Start of Exercise inputs
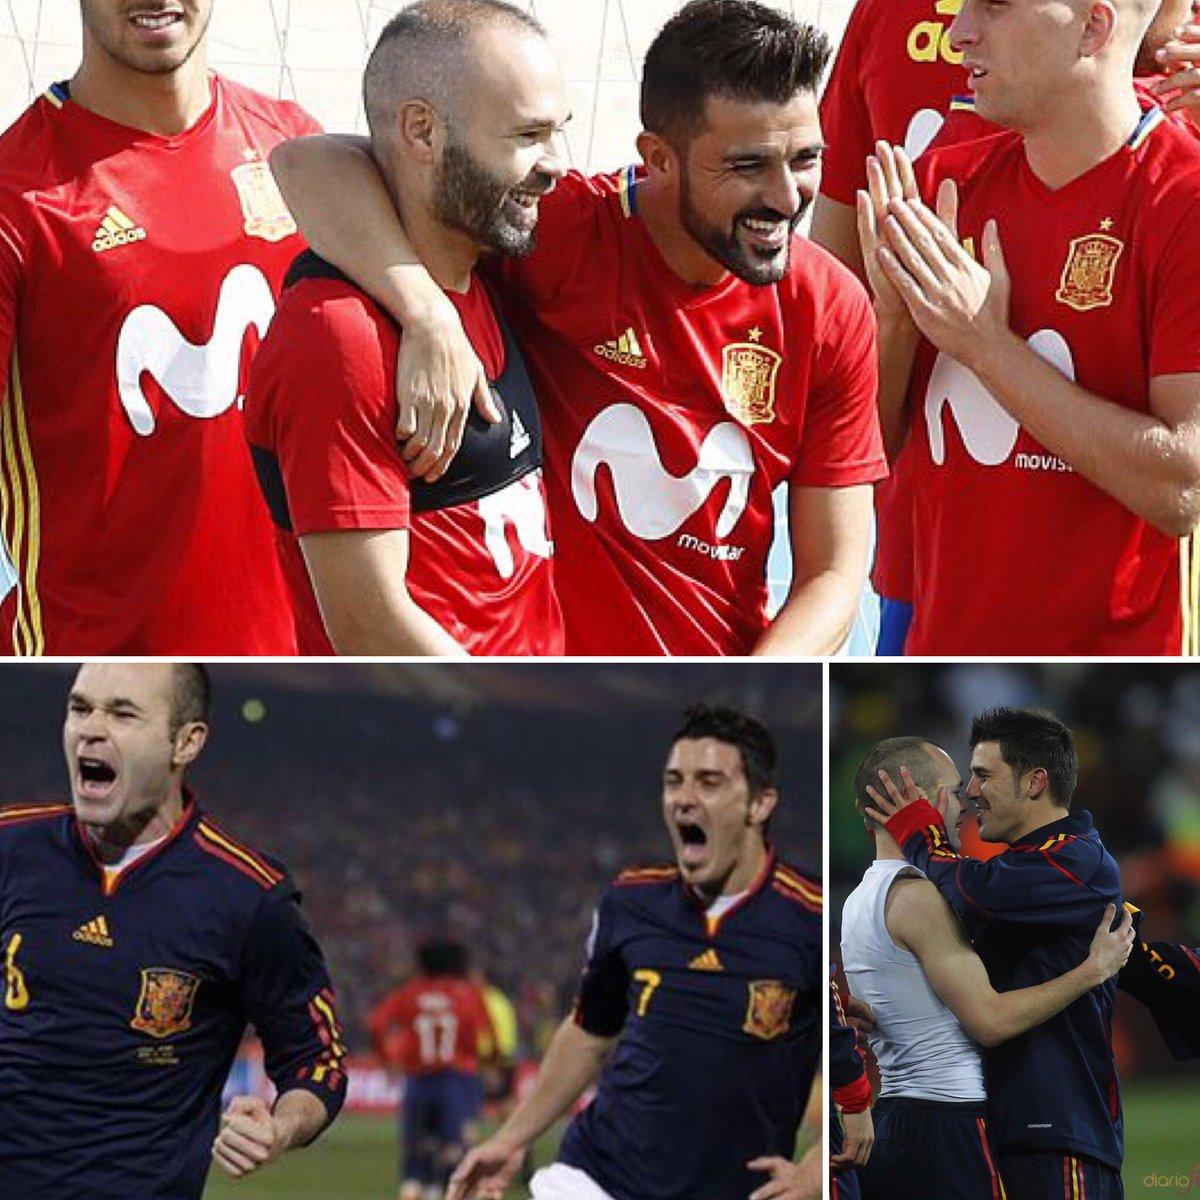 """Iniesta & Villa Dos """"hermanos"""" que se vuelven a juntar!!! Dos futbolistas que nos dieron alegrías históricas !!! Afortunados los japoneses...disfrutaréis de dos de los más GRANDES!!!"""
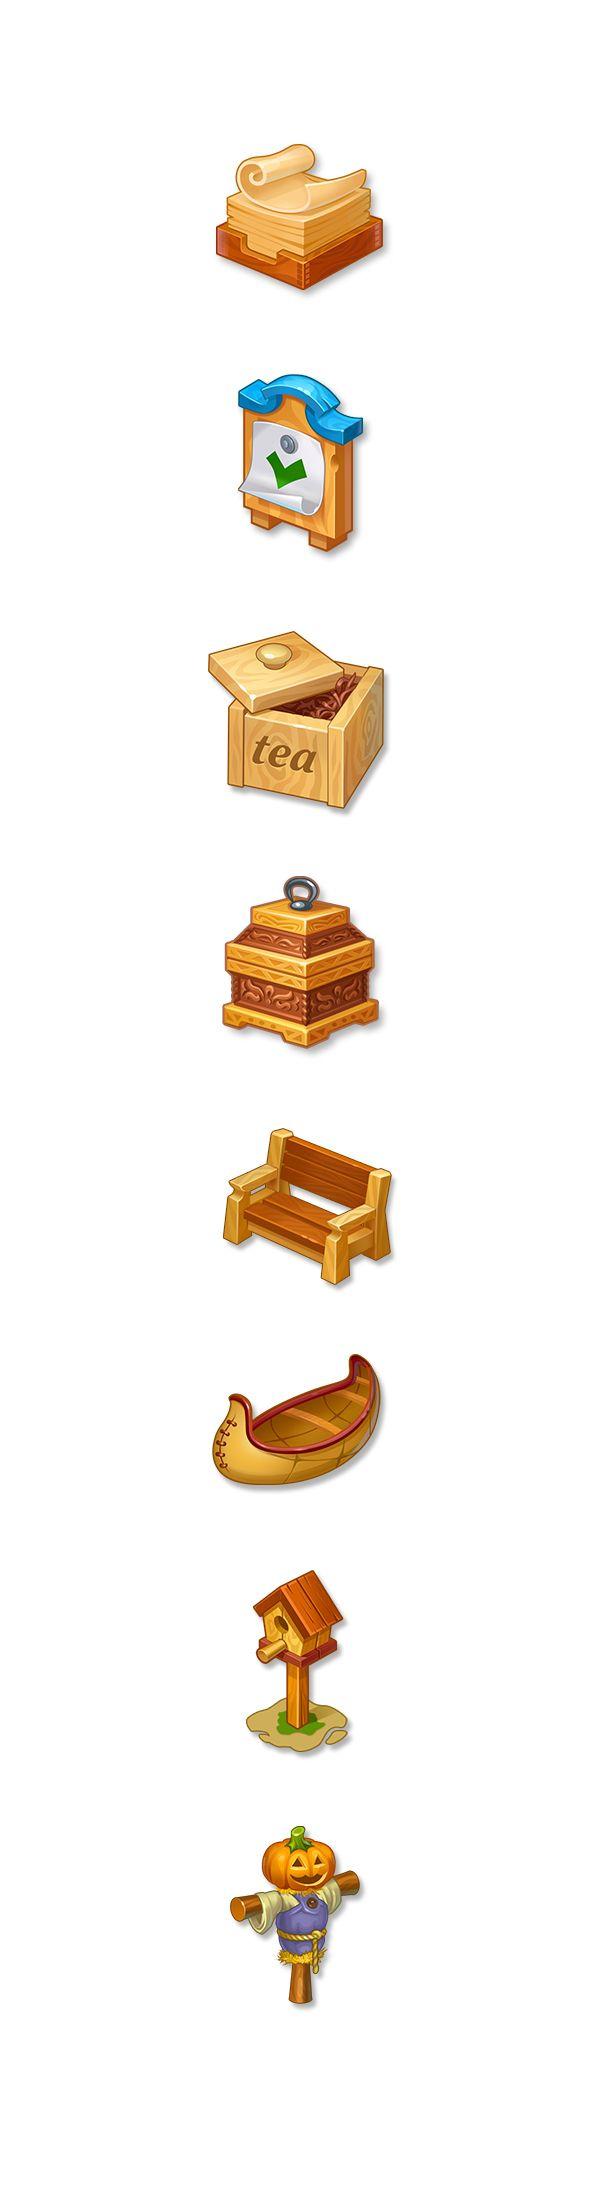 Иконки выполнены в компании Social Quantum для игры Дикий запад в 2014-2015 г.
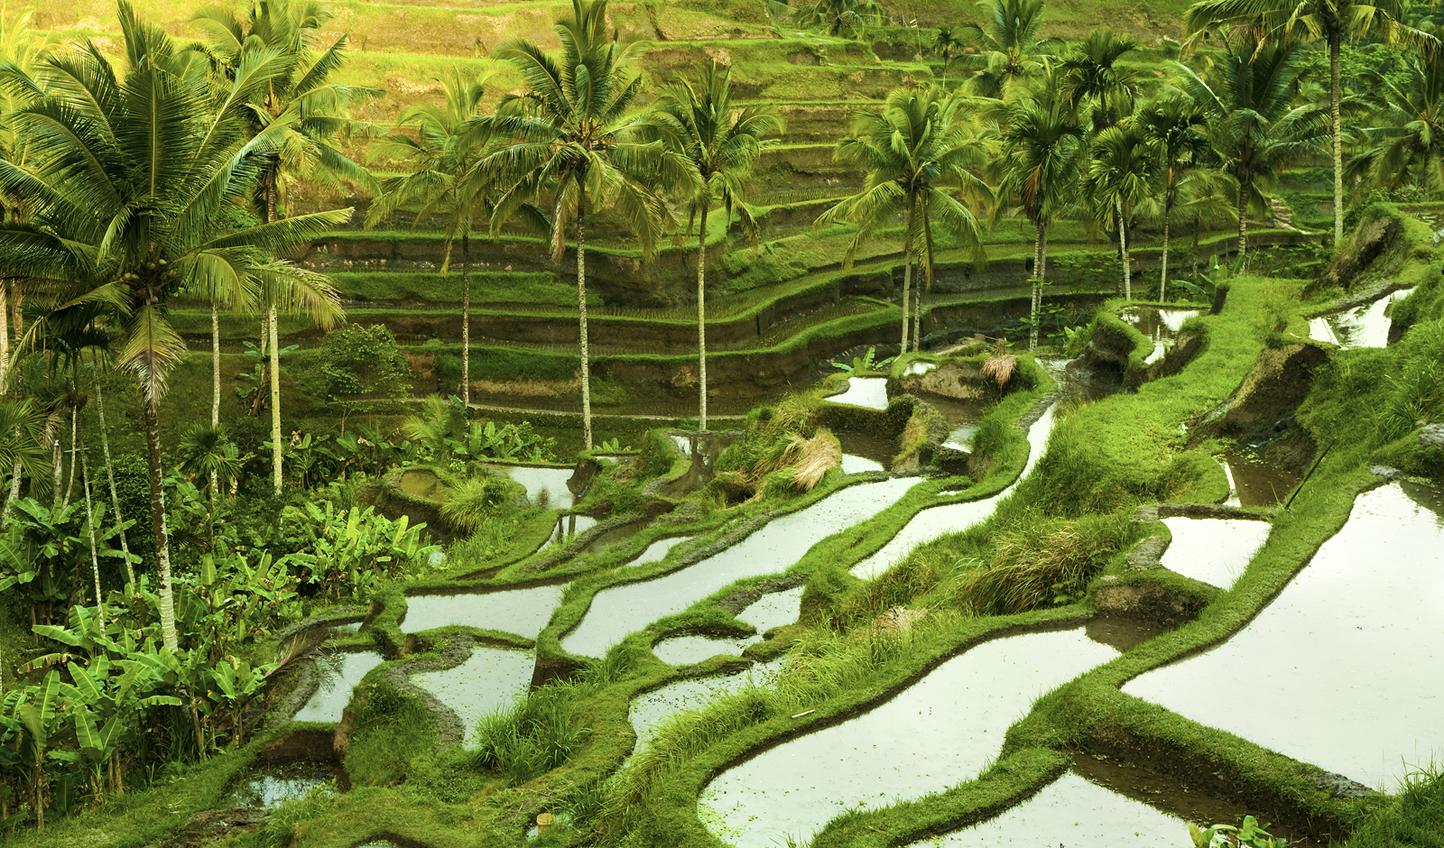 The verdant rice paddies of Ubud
End of Exercise inputs
Start of Exercise inputs
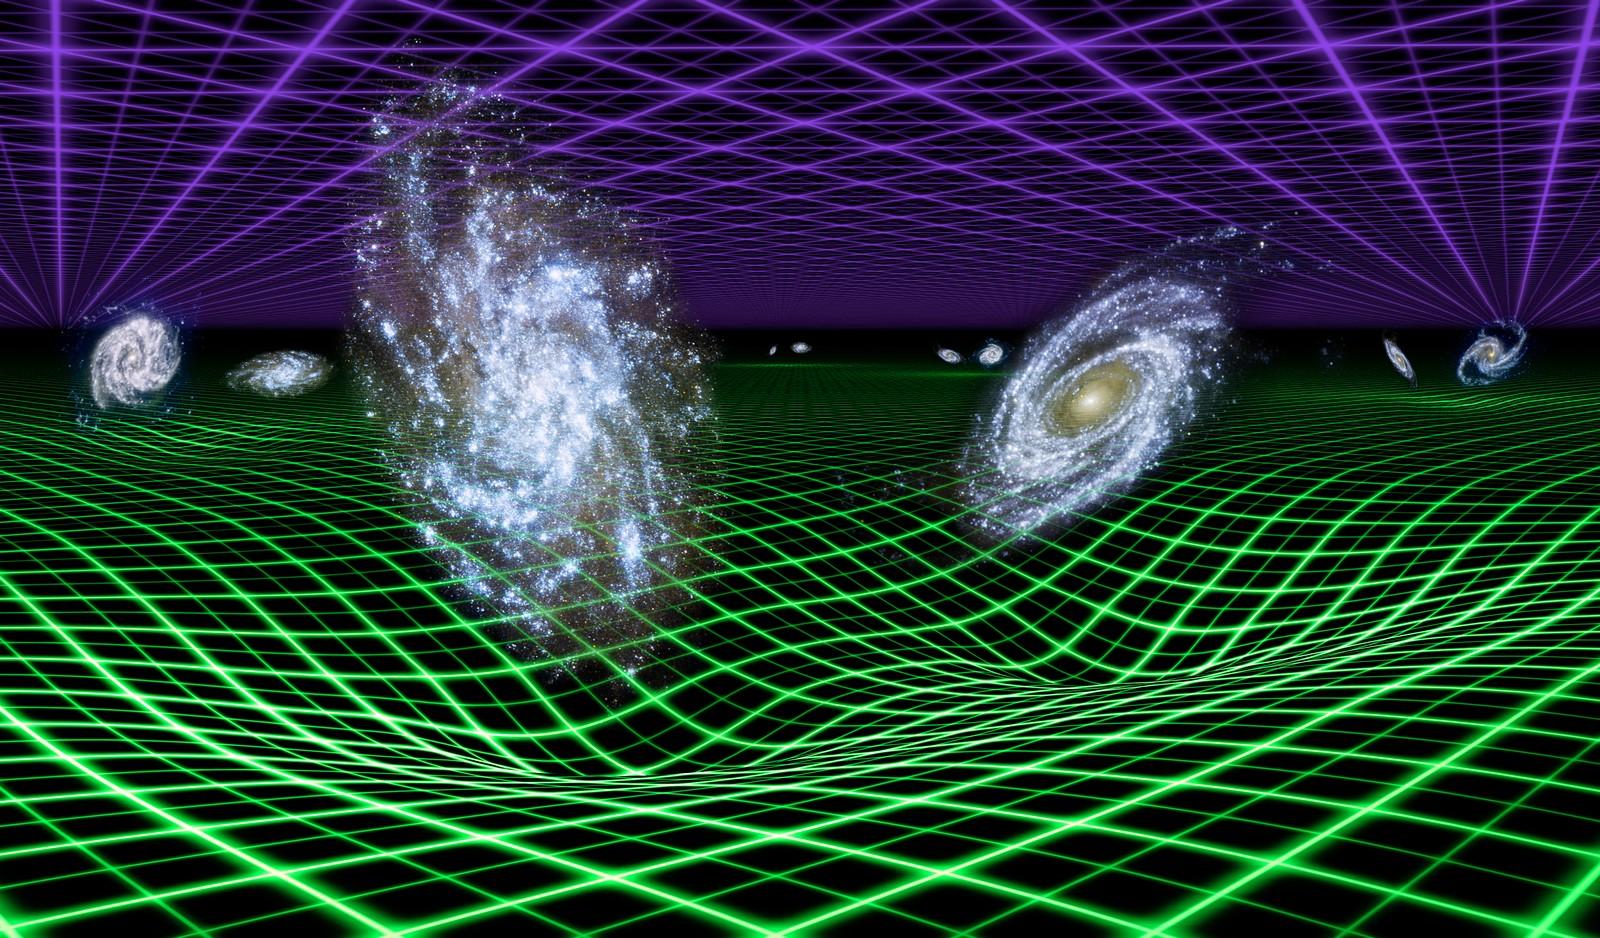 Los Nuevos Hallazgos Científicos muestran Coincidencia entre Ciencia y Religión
End of Exercise inputs
Start of Exercise inputs
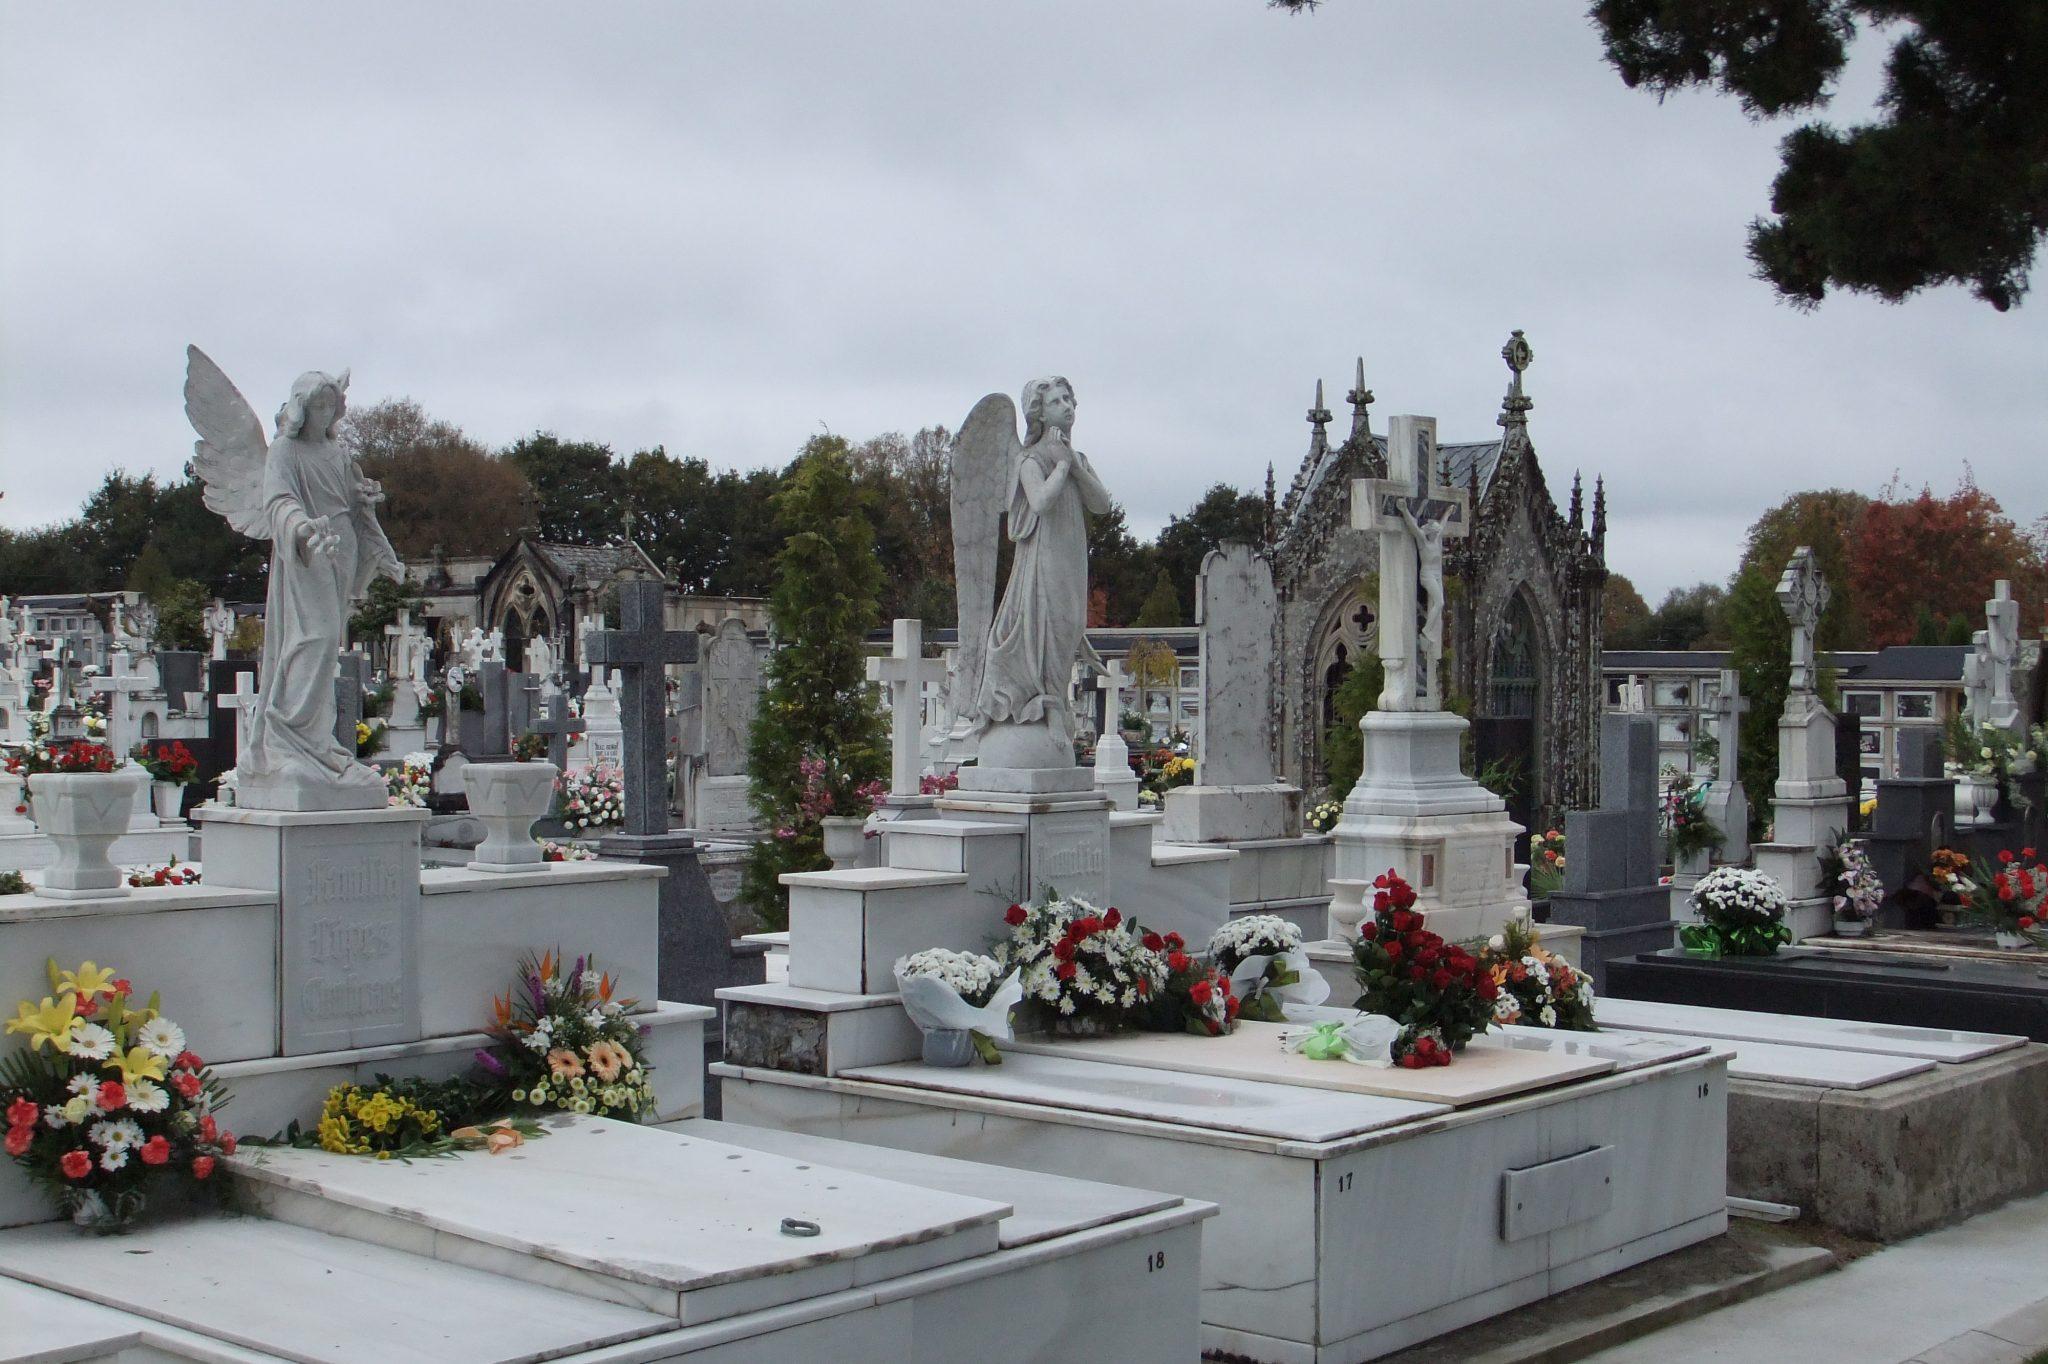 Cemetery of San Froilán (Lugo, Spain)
End of Exercise inputs
A word-for-word reproduction is needed of the lines above from the line containing "que se vuelven" through the line containing "The verdant rice paddies of Ubud", with both ends kept and no pictures.

 """Iniesta & Villa Dos """"hermanos"""" que se vuelven a juntar!!! Dos futbolistas que nos dieron alegrías históricas !!! Afortunados los japoneses...disfrutaréis de dos de los más GRANDES!!!"""
 Иконки выполнены в компании Social Quantum для игры Дикий запад в 2014-2015 г.
 The verdant rice paddies of Ubud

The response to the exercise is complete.